Denna seufzte verärgert. »Also gut, der Stallmeister deines Vaters, ja? Denk an die vielen verschiedenen Pferde, die der Baron besitzt: Ackergäule, Kutschpferde, Jagdpferde …«
Erregtes Murmeln.
»Genau«, sagte Denna. »Wenn du also die Wahl hättest, welches Pferd wolltest du sein? Ein Ackergaul verrichtet schwere Arbeit, aber bekommt er den besten Stall? Das beste Futter?«
Murmeln.
»Stimmt, das bekommen die edlen Vollblüter. Sie werden verwöhnt und müssen nur arbeiten, wenn eine Parade oder Jagd ansteht.« Denna machte eine kurze Pause. »Wenn du also eine Hure sein willst, musst du es richtig anstellen. Du willst keine billige Hafennutte sein, sondern eine Herzogin. Die Männer sollen dir den Hof machen und dir Geschenke schicken.«
Ein Murmeln.
»Ja, Geschenke. Wenn sie dich bezahlen, haben sie das Gefühl, dich zu besitzen. Und wohin das führt, hast du heute Abend erlebt. Du kannst entweder deine Aussprache und das Leibchen mit dem tiefen Ausschnitt behalten und dich für einen Halbpenny von Matrosen begrapschen und flachlegen lassen. Oder du lernst dich zu benehmen, lässt dir die Haare richten und empfängst feine Herren als Freier. Wenn du interessant und hübsch bist und zuhören kannst, werden die Männer deine Gesellschaft suchen. Sie werden mit dir nicht nur ins Bett gehen, sondern auch tanzen wollen. Dann bist du es, die über sie bestimmt. Eine Herzogin muss nie im Voraus für ihr Zimmer bezahlen. Niemand legt eine Herzogin in einer dunklen Gasse über ein Fass und schlägt ihr, wenn er sein Vergnügen gehabt hat, die Zähne aus.«
»Nein«, erwiderte Denna grimmig. Die Münzen wurden klimpernd in eine Geldbörse gesteckt. »Mach dir nichts vor. Auch das schönste Pferd bleibt immer ein Pferd. Das heißt, früher oder später wird man dich reiten.«
Ein fragendes Murmeln.
»Dann gehst du«, sagte Denna. »Wenn sie mehr wollen, als du zu geben bereit bist, bleibt dir nichts anderes übrig. Du verschwindest heimlich und leise über Nacht. Aber damit brichst du alle Brücken hinter dir ab. Das ist der Preis, den du dafür zahlst.«
Ein zögerndes Murmeln.
»Das kann ich dir nicht sagen. Du musst selbst entscheiden, was du willst. Willst du nach Hause zurückkehren?
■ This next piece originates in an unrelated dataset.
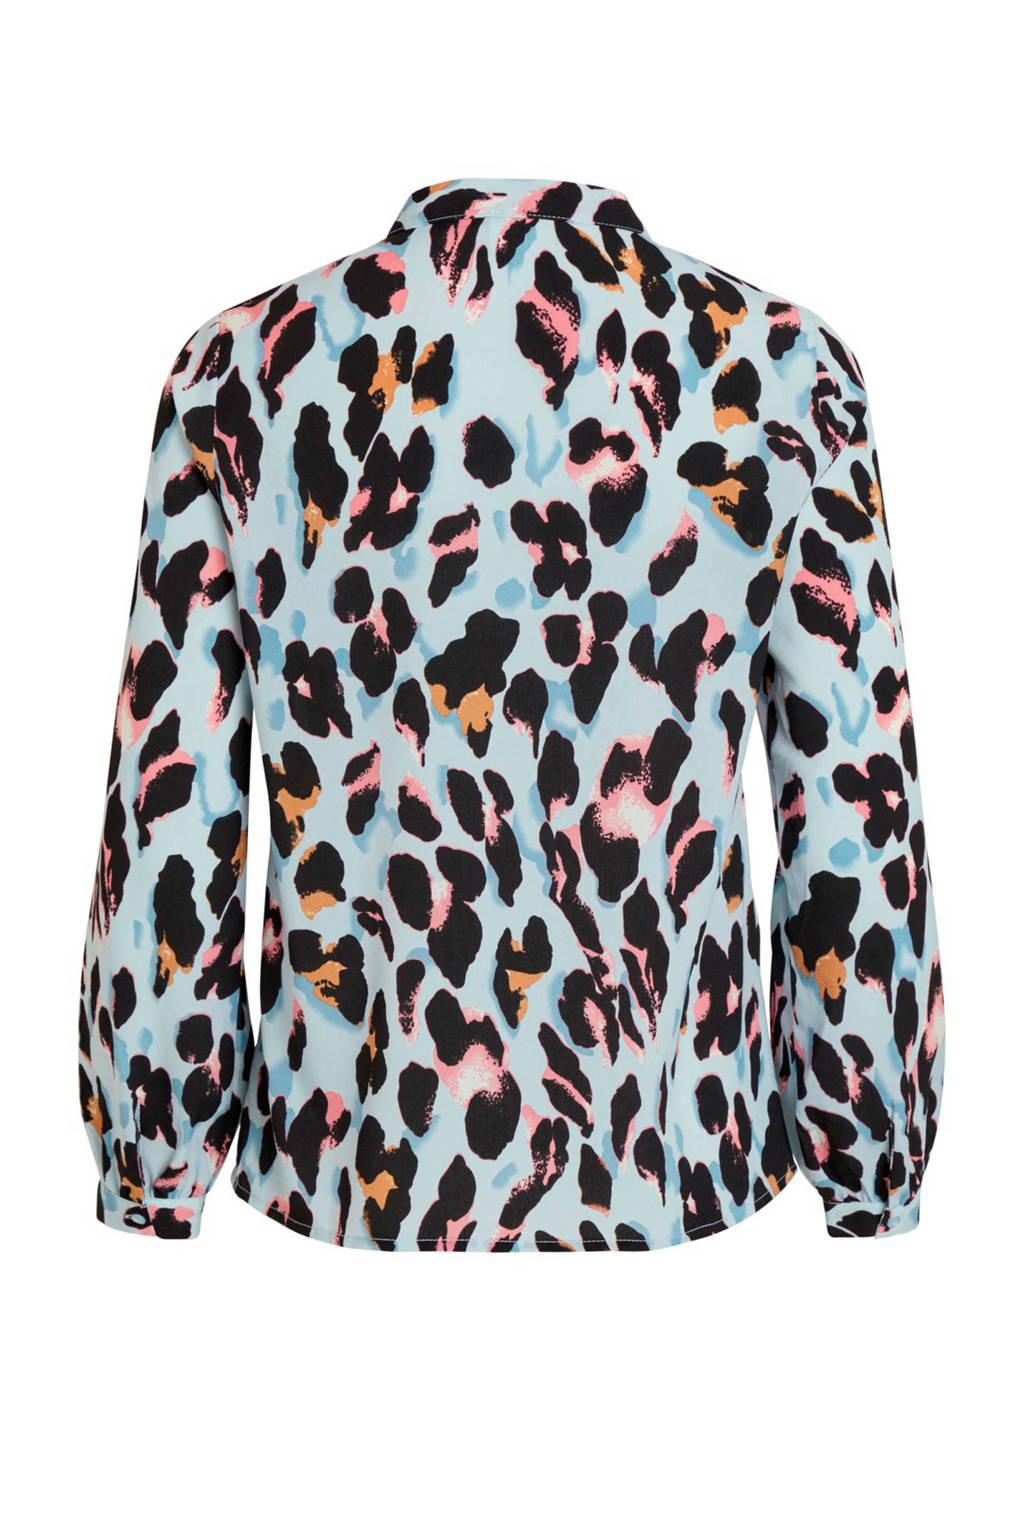 klassiek populaire winkels ongeslagen x VILA blouse met panterprint blauw | wehkamp
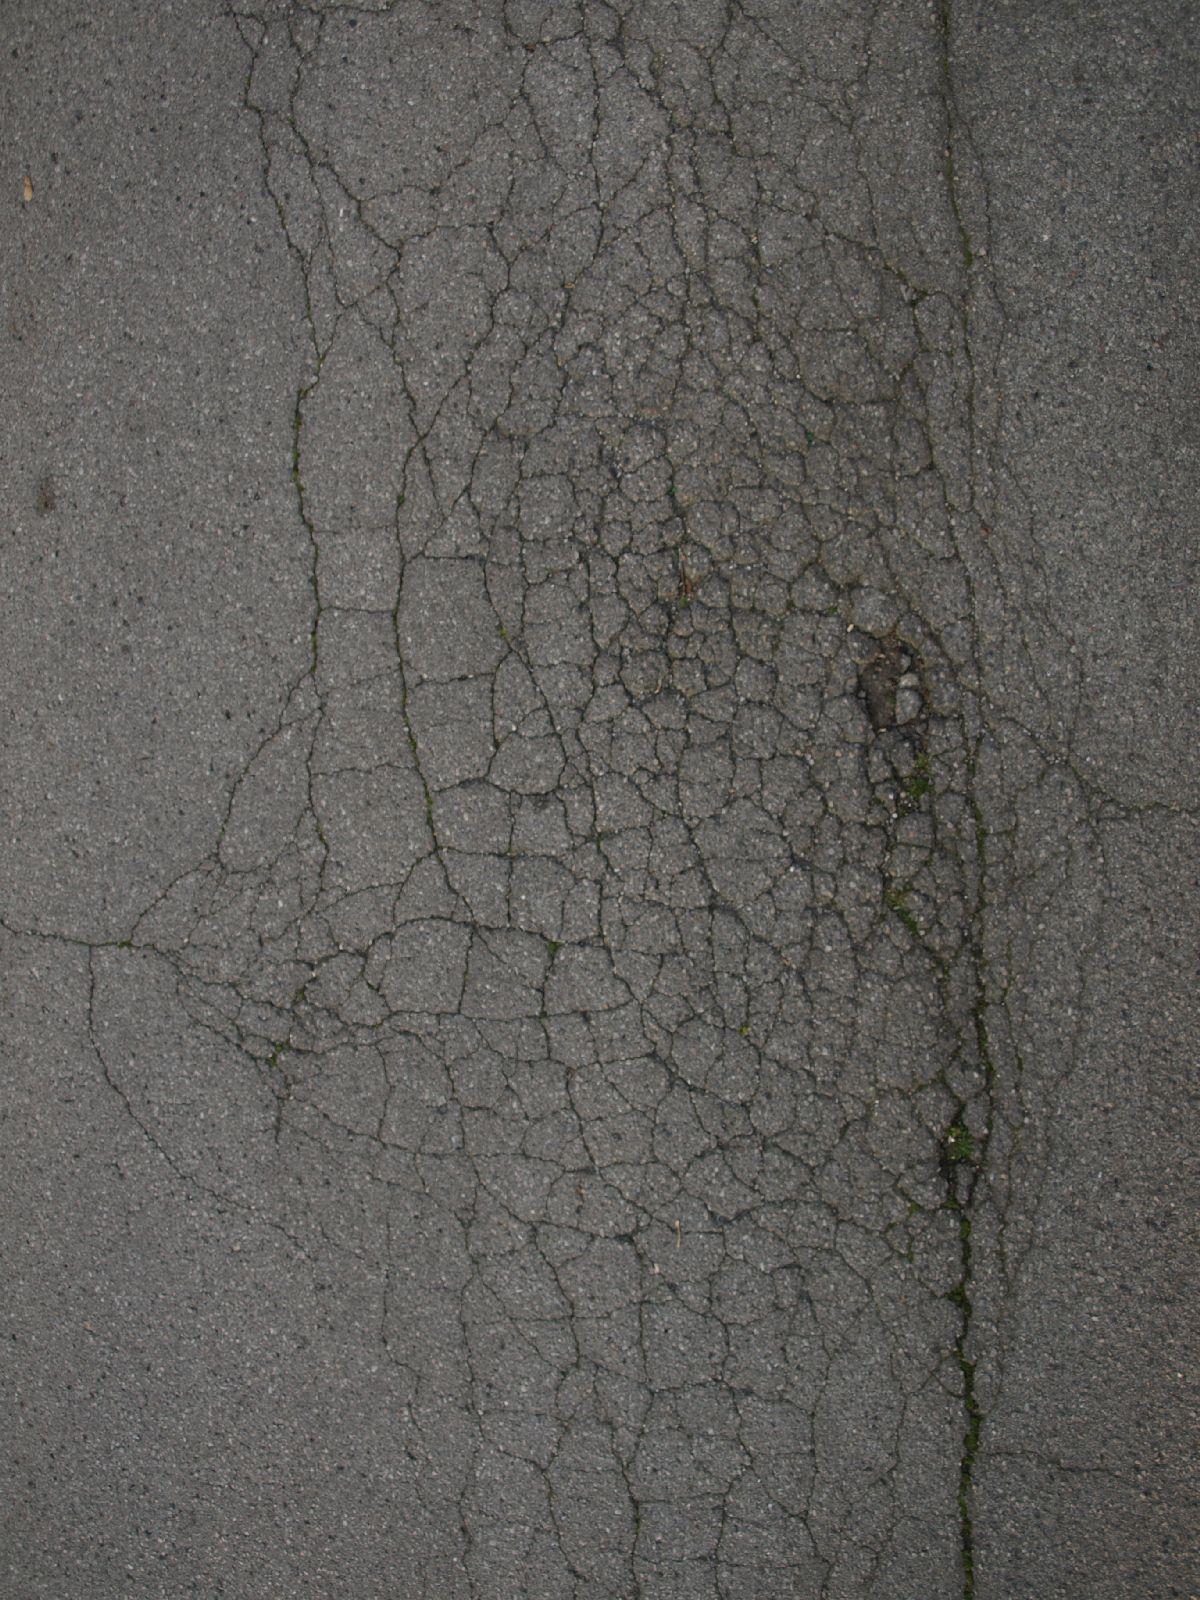 Boden-Gehweg-Strasse-Buergersteig-Textur_A_P9285591

Das hat seinen Preis. Willst du dein Leben selbst in die Hand nehmen? Auch das hat seinen Preis. Willst du die Freiheit haben, etwas abzulehnen? Auch das kostet etwas. Alles hat seinen Preis.«
Ein Stuhl wurde vom Tisch zurückgeschoben, und ich hörte die beiden aufstehen. Ich drückte mich mit dem Rücken an die Wand. »So etwas muss jeder mit sich selbst ausmachen«, sagte Denna. Ihre Stimme entfernte sich. »Was willst du am meisten? Was wünschst du dir so dringend, dass du alles dafür zu geben bereit bist?«
Ich blieb noch lange sitzen, nachdem die beiden gegangen waren, und versuchte meinen Wein zu trinken.